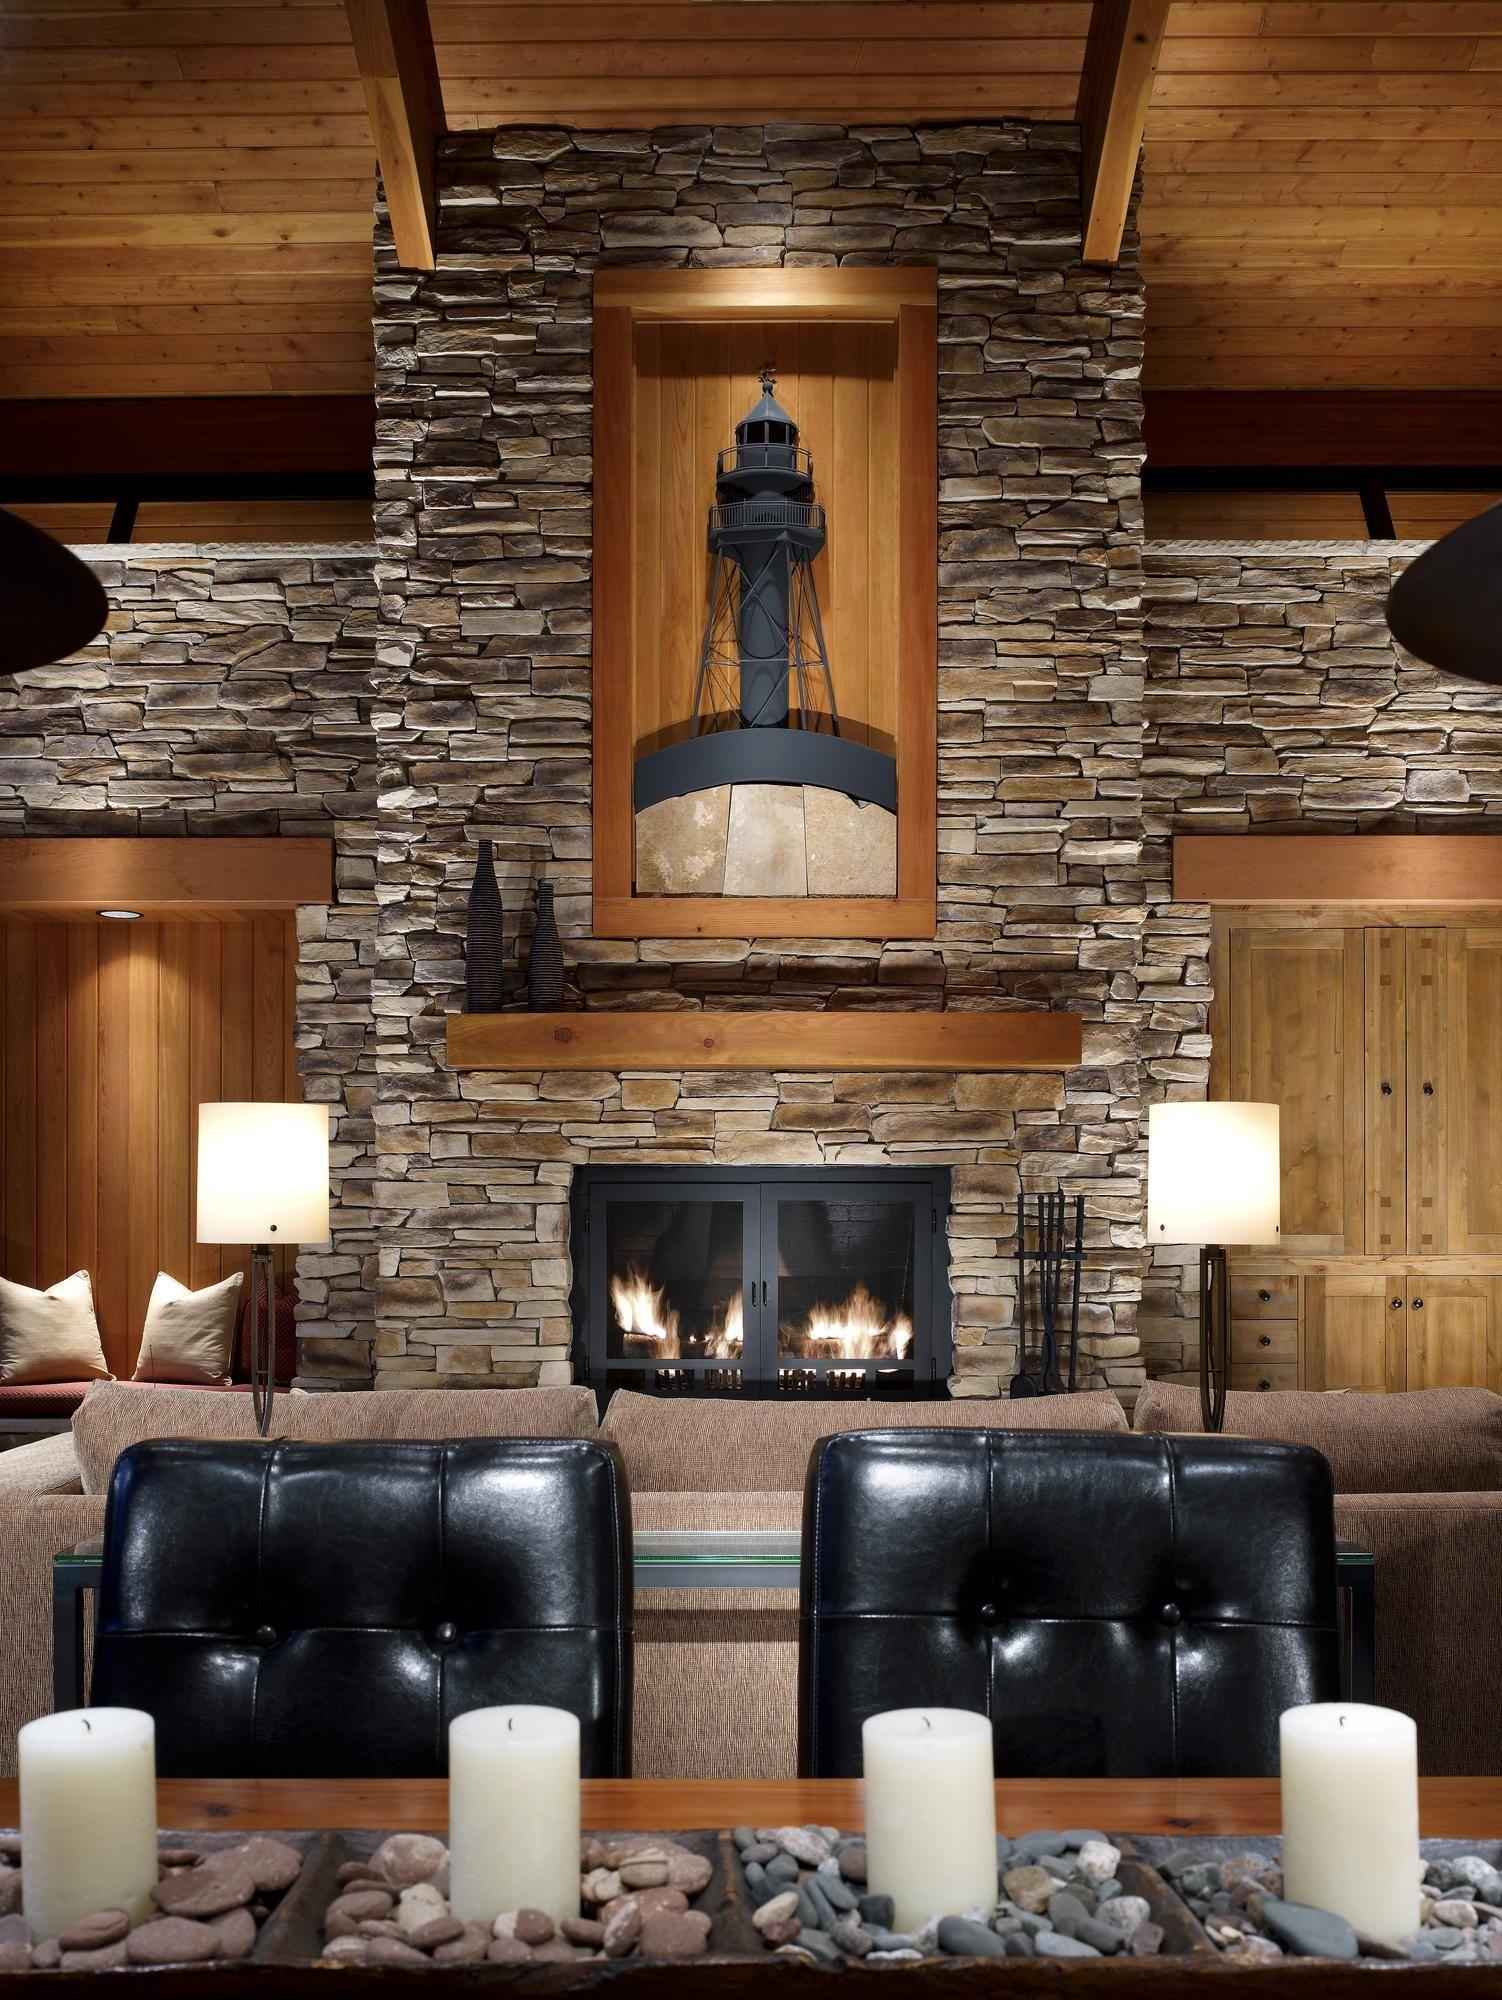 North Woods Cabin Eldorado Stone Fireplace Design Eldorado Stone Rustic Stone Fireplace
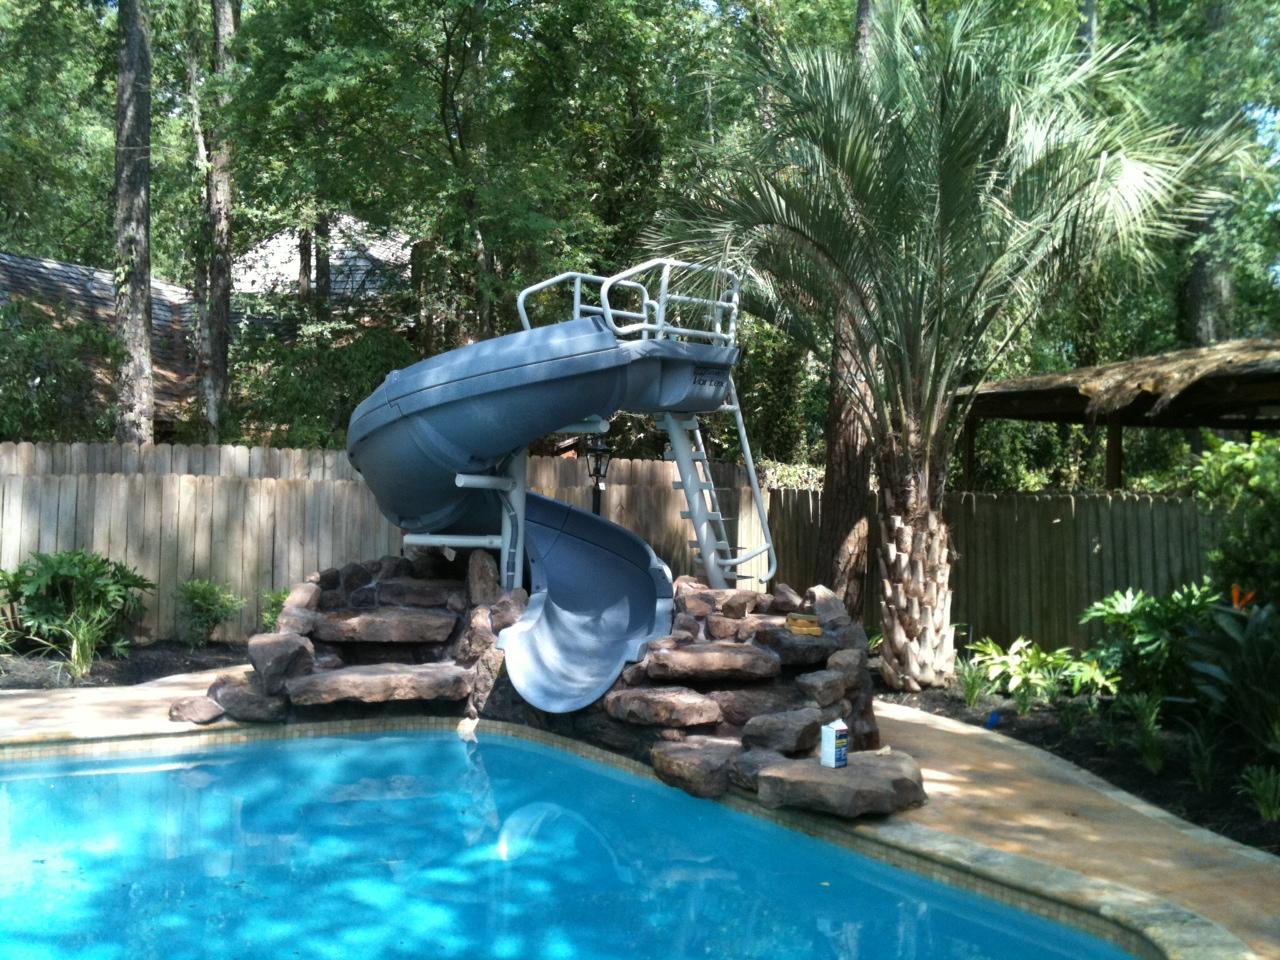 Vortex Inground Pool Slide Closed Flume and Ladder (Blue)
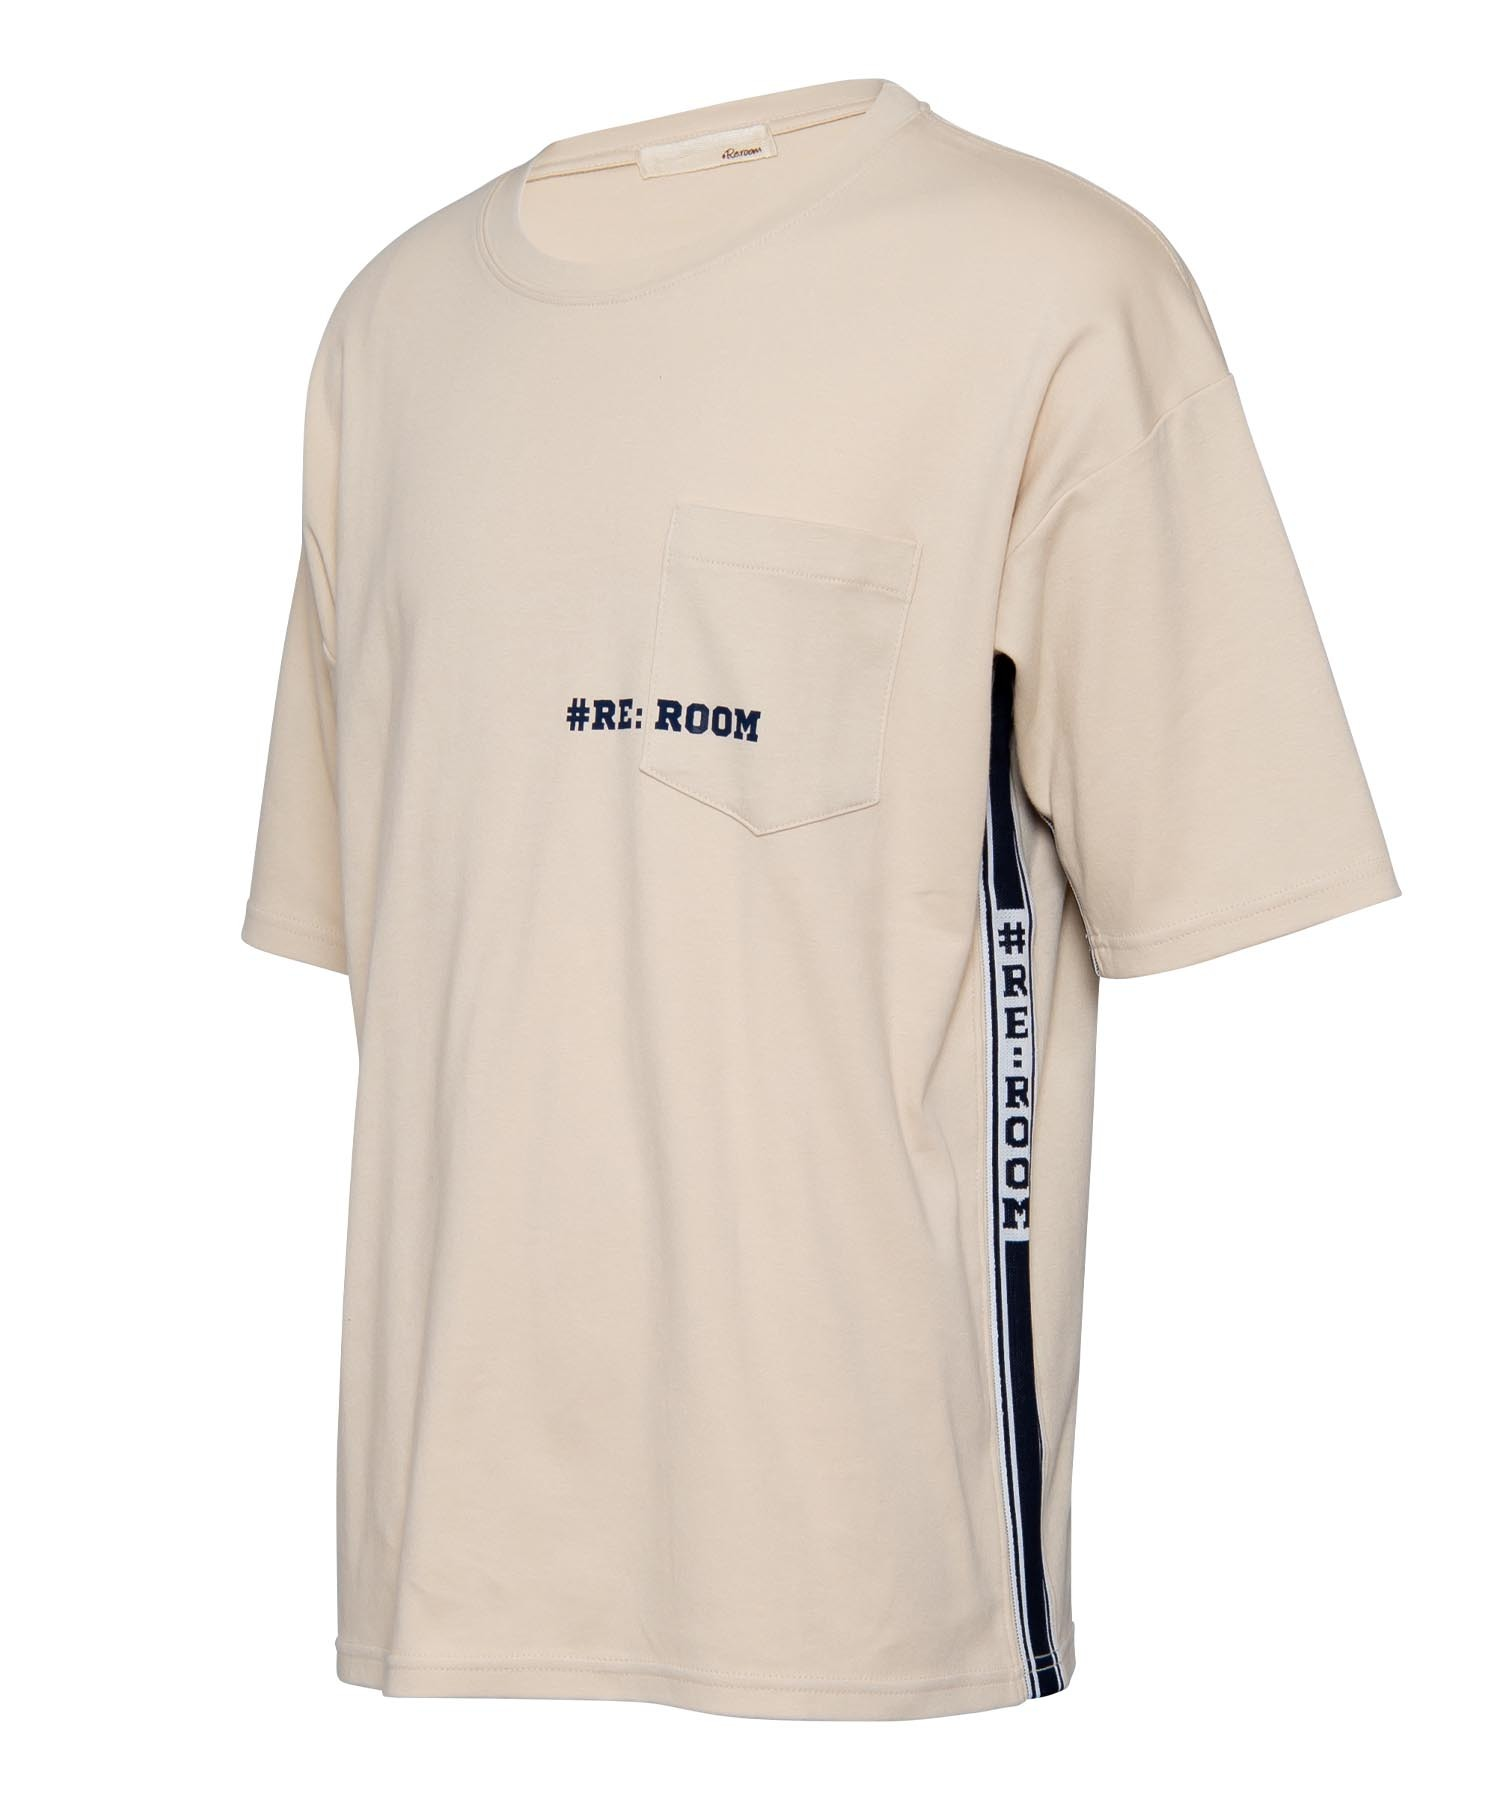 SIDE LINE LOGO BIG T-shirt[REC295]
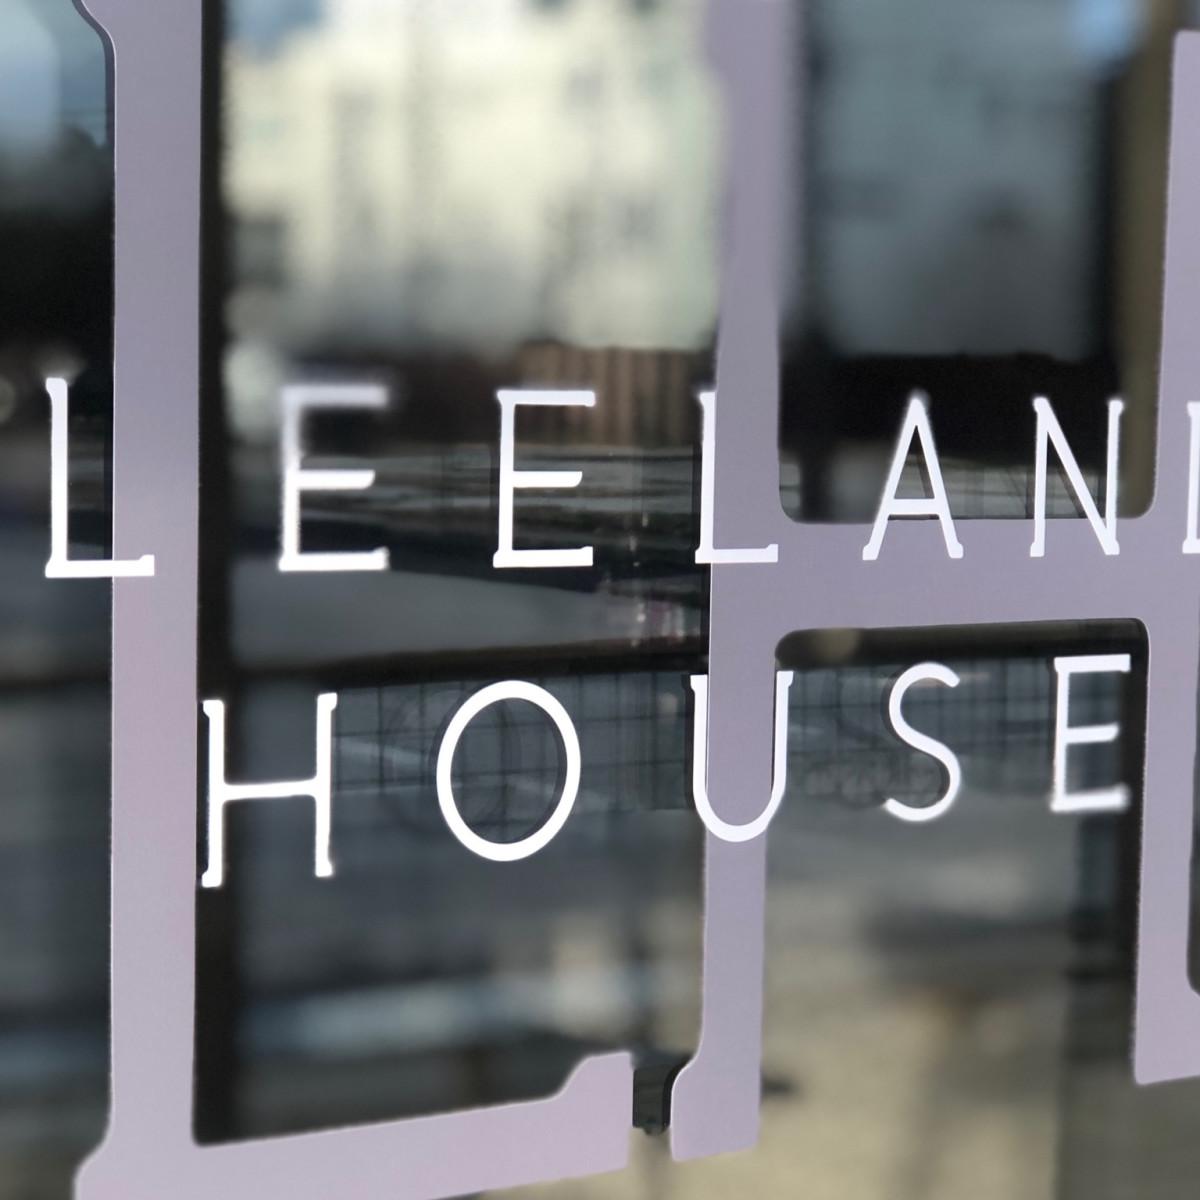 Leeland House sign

◆ ◆ ◆ ◆

Give back only the lines from the one that carries "SIDE LINE LOGO BIG T-shirt[REC295]" through the final line above, both included. Drop all pictures.

### [Solution for this exercise]
 SIDE LINE LOGO BIG T-shirt[REC295]
 Leeland House sign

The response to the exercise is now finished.